1 Introduction

I will be using confidence intervals of the mean with and without bootstrapping to decide which is a better method for inferences.

2 Loading Data

protein = read.csv("https://raw.githubusercontent.com/pengdsci/sta321/main/ww02/w02-Protein_Supply_Quantity_Data.csv", header = TRUE)

## 
#head(protein)
#dim(protein)

3 Data Analysis

The data set shows the percentage of protein intake from different foods around the world. I will be analyzing the Treenuts variable, which will show the percentage of protein intake from tree nuts.

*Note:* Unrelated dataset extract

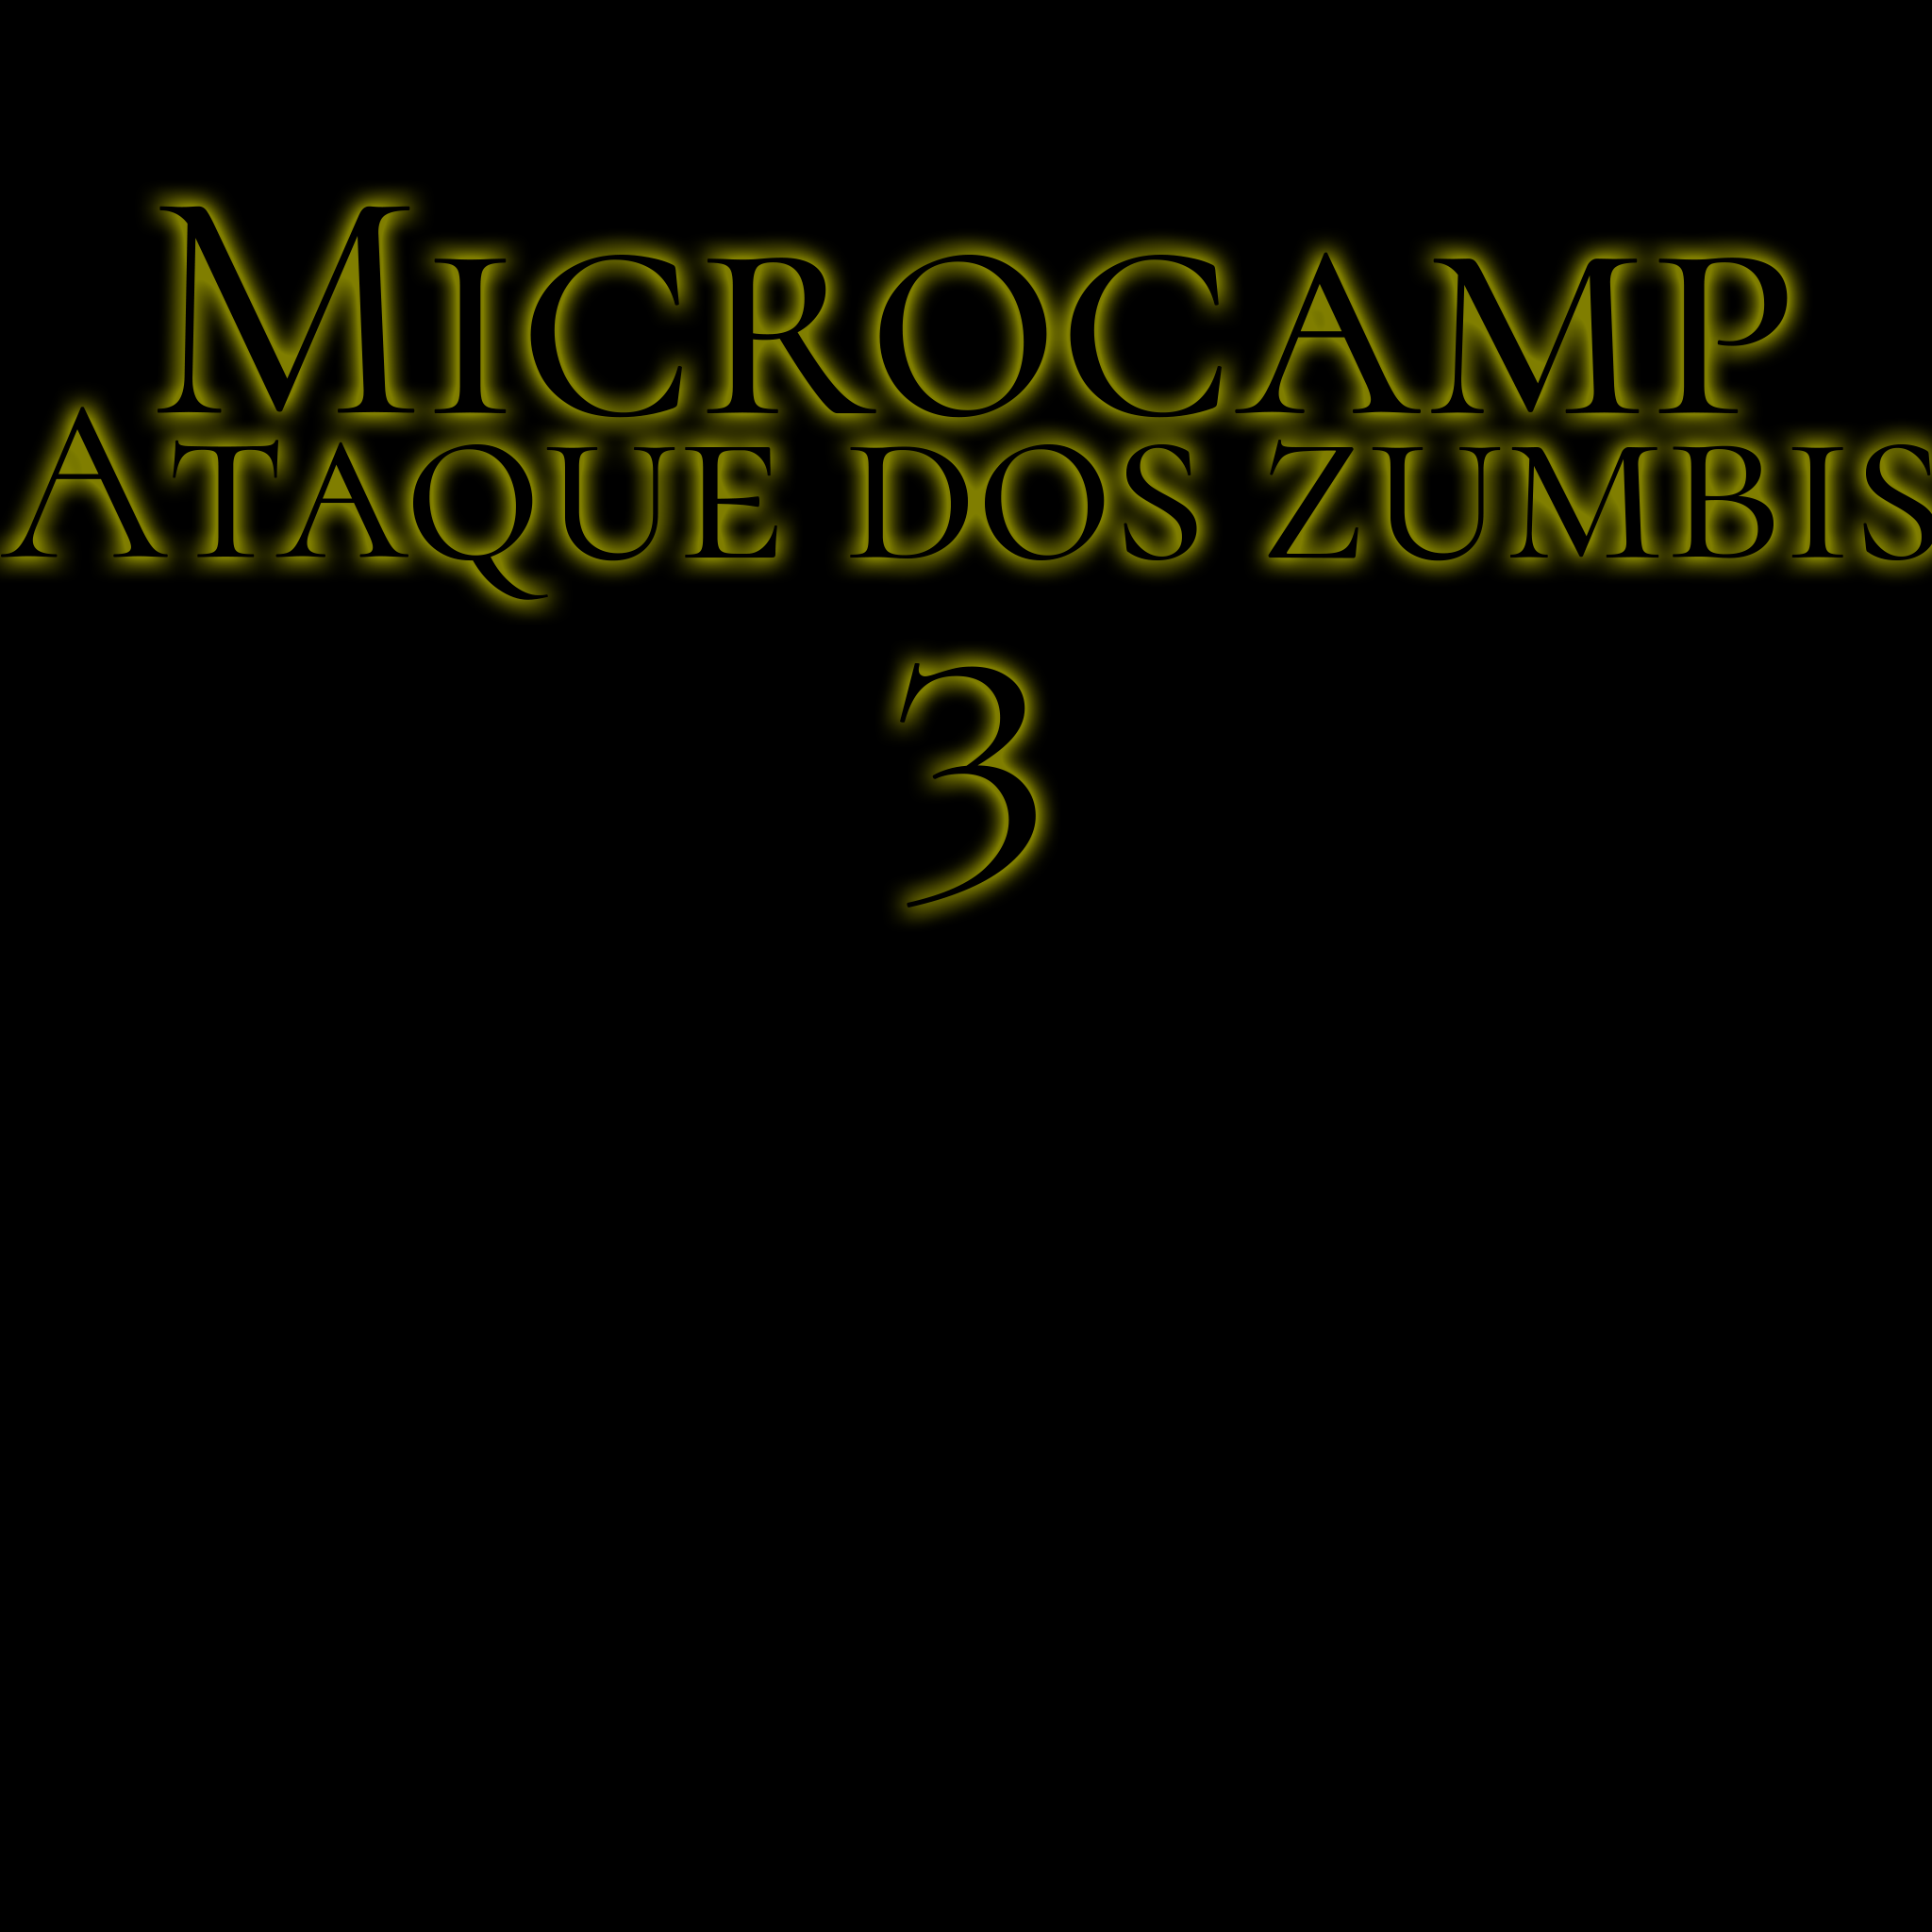 Microcamp Ataque dos Zumbis 3

3.1 Confidence Interval of the Mean

sample = sample(protein$Treenuts,                 #finding mean of the original sample
                170,                              #sample size
                replace = FALSE)                  #no replacement 
CI = quantile(sample, c(0.025, 0.975))            #confidence interval of the mean
CI                                                #print CI
##      2.5%     97.5% 
## 0.0000000 0.9948625

3.2 Bootstrapping

sample.mean.vec = NULL                   # empty vector for storing b BT means
for(i in 1:1000){                        #for loop for each of the 170 samples taking 1000 bootstrap samples
  ith.sample = sample(protein$Treenuts,    #finding bootstrap mean
                       170,               #sample size       
                       replace = TRUE     #WITH replacement because of bootstrap and big sample size
                 )                              
   sample.mean.vec[i] = mean(ith.sample)  #mean of ith sample saved in the empty vector
}
b.CI = quantile(sample.mean.vec, c(0.025, 0.975)) #confidence interval of the mean from bootstrapping
b.CI  #printing bootstrap CI
##      2.5%     97.5% 
## 0.2038416 0.2905259
hist(sample.mean.vec,                    #histogram of bootstrap data           
     breaks = 20,                         #amount of breaks                     
     xlab = "Bootstrap sample means",     #x axis label                   
     main="Bootstrap Sampling Distribution \n of Sample Means")  #title

The confidence interval of the mean is (0.0000000, 0.9948625). After using the bootstrap method, we find the confidence interval to be (0.2027401, 0.2902978). Because the bootstrap sample mean confidence interval is much smaller and therefore better than the actual mean confidence interval, it is a better for predictions and estimation.